Nationwide early voting data, including some weekend and Thanksgiving weekdays in certain counties, show higher overall turnout in the most Democratic counties and congressional districts.
Still, both parties find data to tout as they battle for an advantage in the final contest of the 2022 midterm election cycle, and both campaigns generally agree that Warnock will lead among early voters, as in the first round, while Walker will do will have an advantage in the elections on Election Day, as he did in November. The respective margins determine the ultimate winner.
TargetSmart, a Democratic data company, analyzed the identities of the more than 830,000 voters who cast their ballots by the end of Tuesday and concluded that Democrats extended their lead six days before the 18th election. That analysis did not include the over 240,000 additional ballots cast Wednesday.
Walker’s campaign manager, Scott Paradise, pushed back on notions of Democratic dominance. He argued their advantage materializes only because it was heavily Democratic metro areas that held early voting over the weekend, while more Republican areas waited for the nationwide mandatory early voting window that began Monday. Republicans had unsuccessfully sued a state court to block Saturday’s early voting for the runoff.

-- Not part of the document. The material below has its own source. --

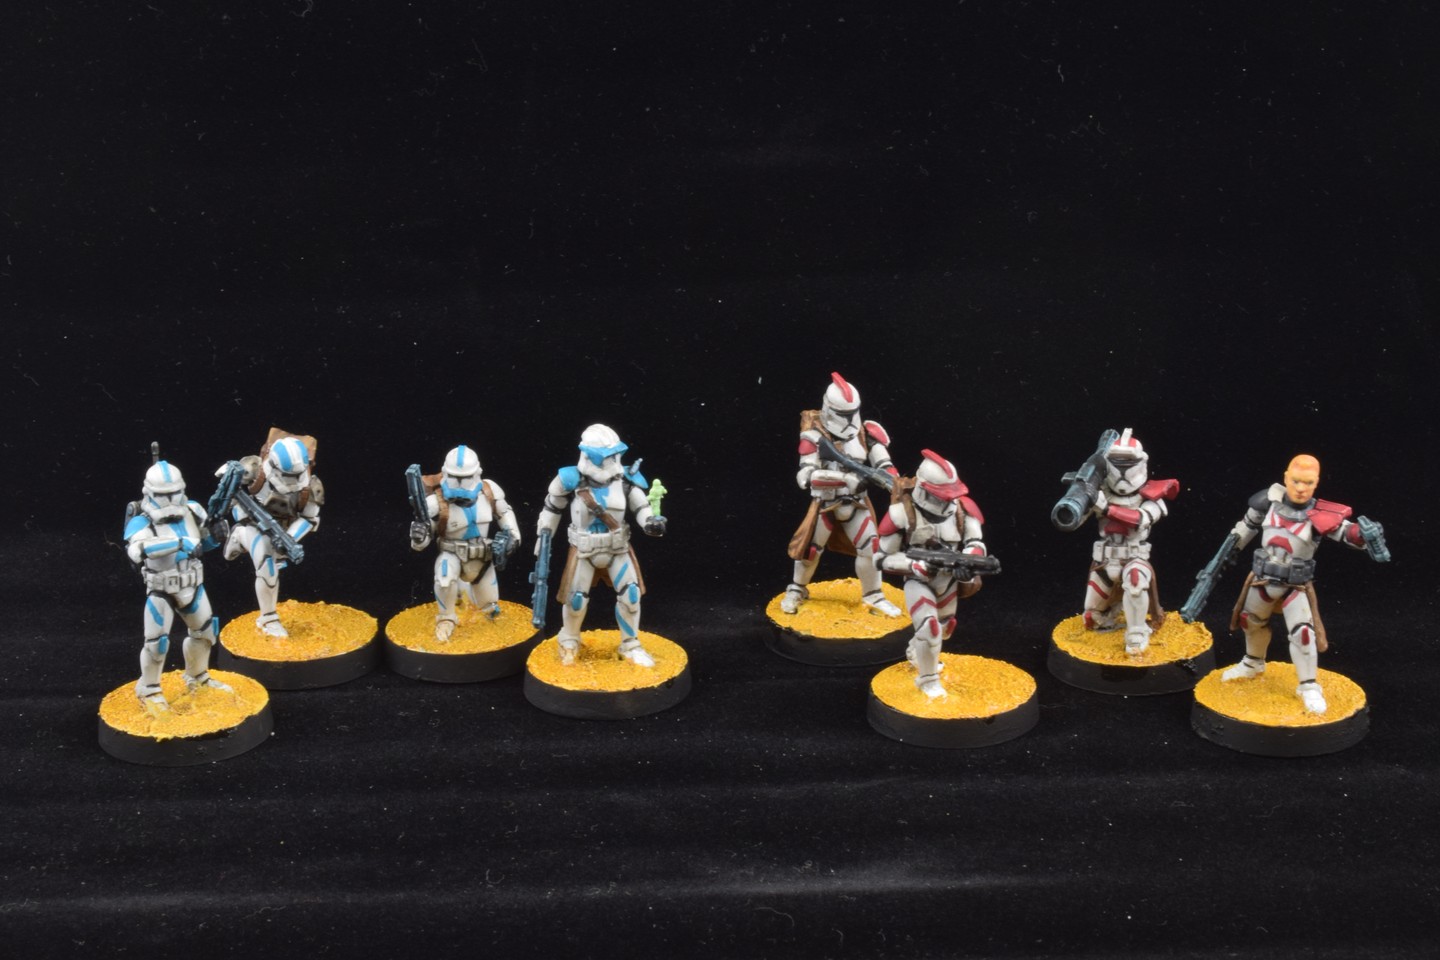 to be continued...more upgrades and specialists for phase troopers...no problem, here the come. fresh from factory #starwars #starwarsfan #starwaslegion #ffg #fantasyflightgames #asmodee #swlclones #starwarslegionclonewars #starwarslegionclones #clonewars #clonetrooper #clonespecialist #cloneupgrade #tabletop #miniaturepainter #minipainting #paintingminiatures #paintingacrylic #acrylpaints #vallejo #boardgames #paintminis

According to Paradise, an analysis of Walker’s campaign found that nine of the top 10 counties with the highest turnout Monday were counties Walker won in November with a combined 70% of the vote. He added that of the state’s most populous counties — those with more than 100,000 registered voters — two Republican strongholds, Hall and Forsyth, recorded the highest turnout rates Monday. Paradise said these trends reflect Republicans’ high level of enthusiasm.
Still, the Republicans have some catching up to do.
Four of the state’s five Democratic-held congressional districts had already recorded early turnout of at least 43% of the total early votes for November’s election as of Tuesday, according to state voting data compiled by Ryan Anderson, an independent analyst in Georgia County had at least 17 days early in-person voting. Only one of Georgia’s nine Republican-held congressional districts had surpassed that 43 percent mark.
Warnock first won the seat during the Jan. 5, 2021 simultaneous Senate runoff, when he and Jon Ossoff prevailed over the Republican incumbents to give the Democrats tight control of the Senate early in President Joe Biden’s term.
This happened because of you, Georgia, and now we need you to do it again,” Obama said.
Warnock is now seeking a full six-year term. Senate control is not at stake this time: Democrats have already secured 50 seats and Vice President Kamala Harris’ undecided vote. That puts pressure on Warnock and Walker’s campaigns to convince Georgia voters that it’s worth casting a second ballot, even if the national stakes aren’t that high.
However, Obama argued on behalf of Warnock himself, saying 51 is better than 50 because it means Sen. Warnock will continue to represent you in Washington.
Warnock received about 70% of his total votes in the first round by pre-voting; for Walker it was about 58%. This resulted in an advantage of more than 256,000 votes for Warnock. Walker responded with an Election Day advantage of more than 200,000.
The senator’s campaign, Democratic Party committees, and like-minded political action committees have tailored their turnout efforts toward early voting.
Republicans have countered with their own wide-ranging push, including a direct-mail push by a super-political action committee with Governor Brian Kemp receiving 200,000 votes more than Walker to comfortably win a second term.
Still, Republicans are fighting some internal party narratives, including former President Donald Trump, that are questioning some pre-voting, particularly mail-in ballots, and are urging some Republicans to vote on Election Day. As recently as Tuesday, Trump took to social media to declare that YOU CAN NEVER HAVE FAIR AND FREE ELECTIONS WITH MAIL-IN VOTES – EVER, EVER, EVER. WILL NOT AND CANNOT HAPPEN!!!
Walker himself makes no mention of early in-person voting or absentee ballots at all when asking his supporters to vote.